MedGemma 1.5 Technical Report
The open 4B-parameter model boosts 3D MRI accuracy by 11% and pathology analysis by 47% F1.
A large collaborative team from Google and DeepMind has released MedGemma 1.5, a significant upgrade to their open-source medical AI model. The 4-billion parameter model expands beyond its predecessor by integrating high-dimensional medical imaging, including 3D CT and MRI volumes, and histopathology whole slide images. It also introduces anatomical localization via bounding boxes and multi-timepoint chest X-ray analysis, alongside improved understanding of complex medical documents like electronic health records (EHRs) and lab reports. The technical report details the architectural innovations required, such as long-context 3D volume slicing and specialized sampling for whole-slide images, to unify these diverse modalities within a single, efficient model.

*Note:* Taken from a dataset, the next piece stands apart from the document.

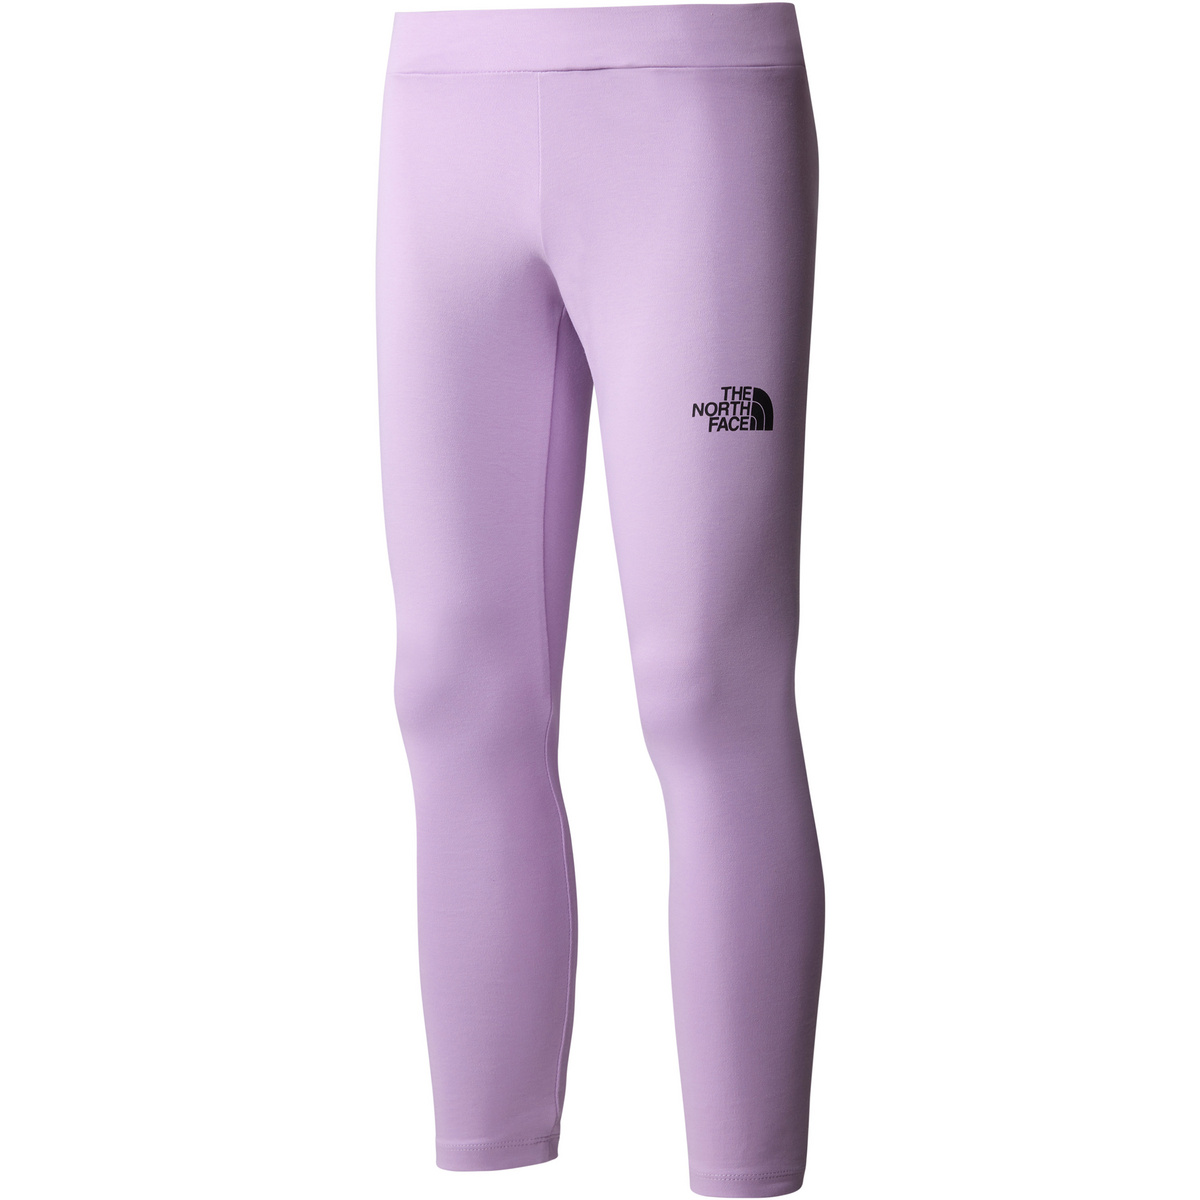 The North Face Kinder G Graphic Tights von The North Face

Performance gains are substantial across the board. Compared to MedGemma 1, the new version improves 3D MRI condition classification accuracy by 11% and 3D CT classification by 3%. In the critical area of whole-slide pathology imaging, it achieves a dramatic 47% macro F1 score gain. For clinical text, it shows a 5% improvement on the MedQA benchmark and a 22% boost on EHRQA, demonstrating enhanced medical reasoning. The model also excels at information extraction from lab reports, scoring an average 18% macro F1 across four different datasets.
Designed as a robust, open resource, MedGemma 1.5 provides a powerful foundation model for the developer community. Its multimodal capabilities in imaging and text analysis position it to accelerate the creation of the next generation of AI-assisted diagnostic tools, clinical decision support systems, and automated medical data processing pipelines. The release includes resources and tutorials to help developers build upon this advanced platform.
- Adds 3D medical imaging (CT/MRI) and whole-slide pathology analysis, with a 47% F1 gain in pathology.
- Improves clinical text reasoning, boosting EHRQA accuracy by 22% and MedQA by 5%.
- Introduces anatomical localization (35% IoU increase) and multi-timepoint chest X-ray analysis (4% macro accuracy).
Why It Matters
Provides an open, multimodal foundation for building advanced diagnostic AI and clinical workflow tools, accelerating medical AI development.